Electrical power is supplied to single-trolley railroads principally in the form of direct current. Usually all the trolley wires of a city are so connected to the generating units as to be positive to the rails. This causes current to flow from the cars toward the power stations, the return path being made up jointly of the rails, the earth itself, actual return wires which may supplement the rails, and also all other conducting things in the earth, these being principally lead-covered cables and other pipes. These conditions establish definite areas in which the currents tend to leave the cables and pipes, _i.e._, in which the latter are positive to other things. These positive areas usually are much smaller than the negative areas, that is, the regions in which currents tend _to enter_ the cables form a larger total than the regions in which the currents tend _to leave_ the cables.
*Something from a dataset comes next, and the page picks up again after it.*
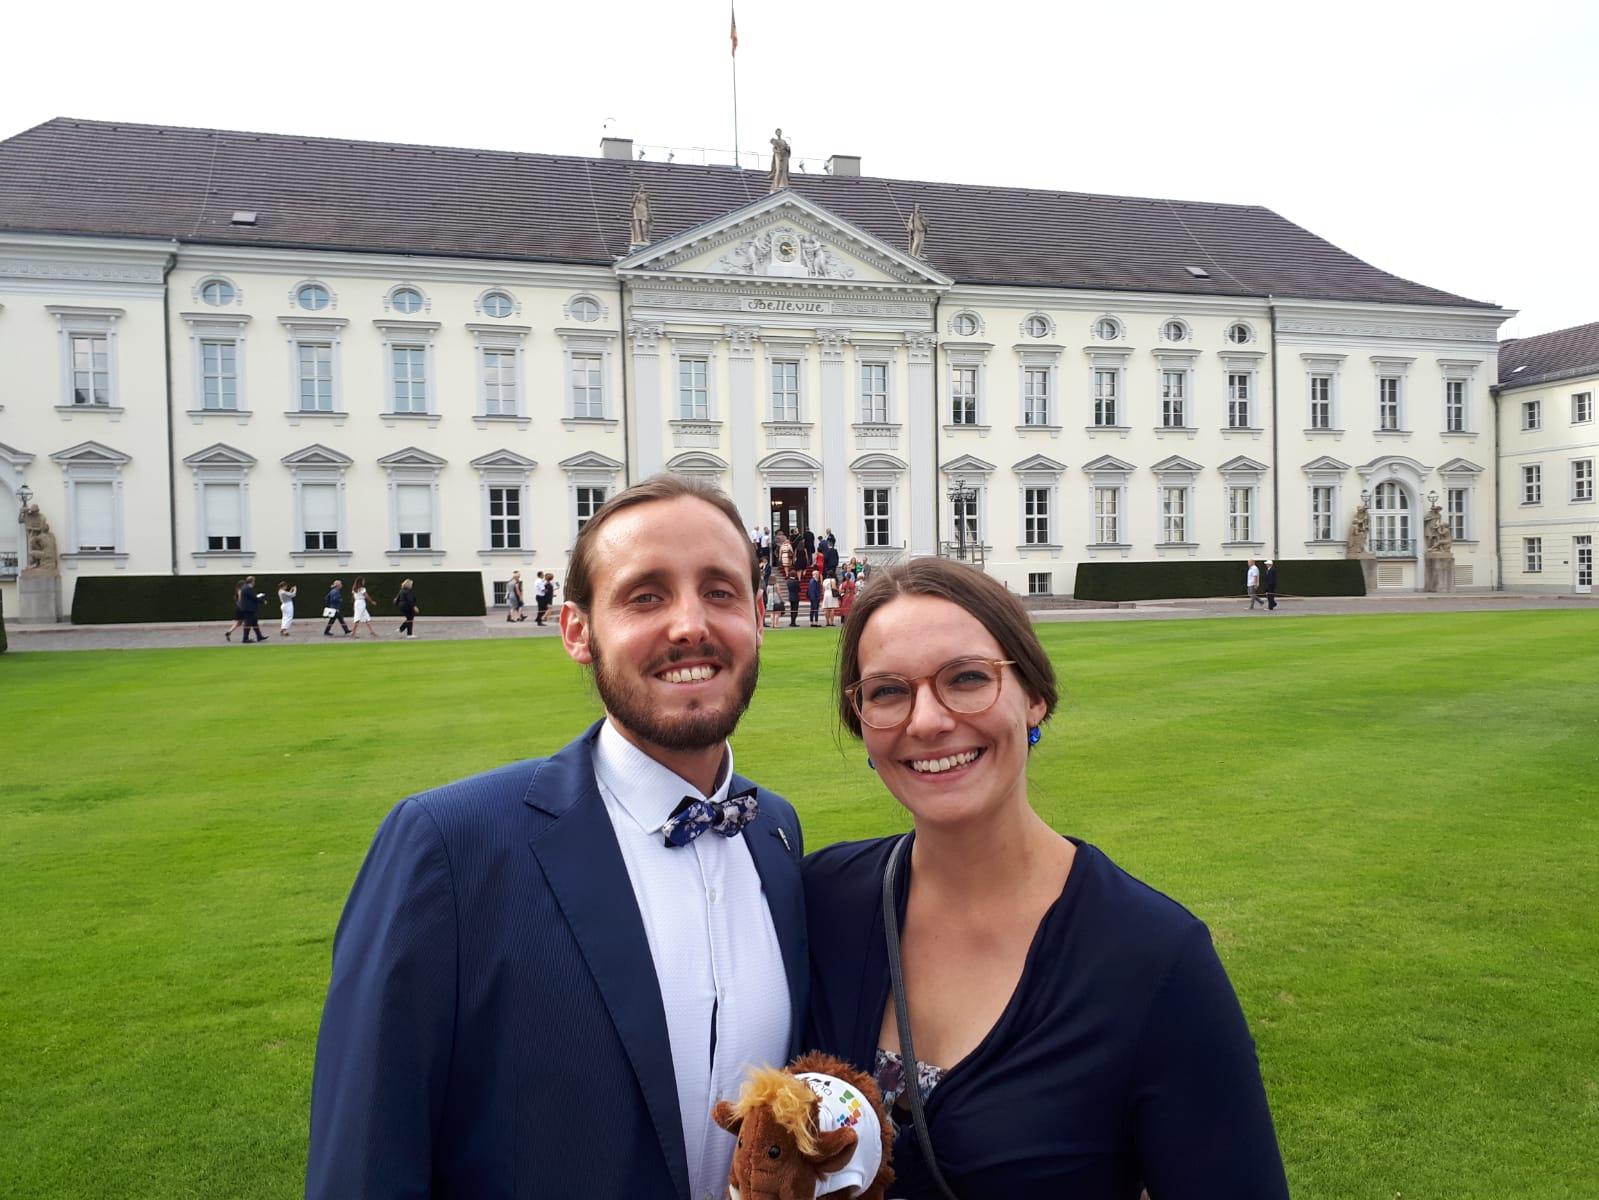 Dominik & Lena beim Bürgerfest des Bundespräsidenten

These facts simplify the ways in which the cables may be protected against damage by direct currents leaving them and also they reduce the amount, complication, and cost of applying the corrective and preventive measures.
All electric roads do not use direct current. Certain simplifications in the use of single-phase alternating currents in traction motors have increased the number of roads using a system of alternating-current power supply. Where alternating current is used, the electrolytic conditions are different and a new problem is set, for, as the current flows in recurrently different directions, an area which at one instant is positive to others, is changed the next instant into a negative area. The protective means, therefore, must be adapted to the changed requirements.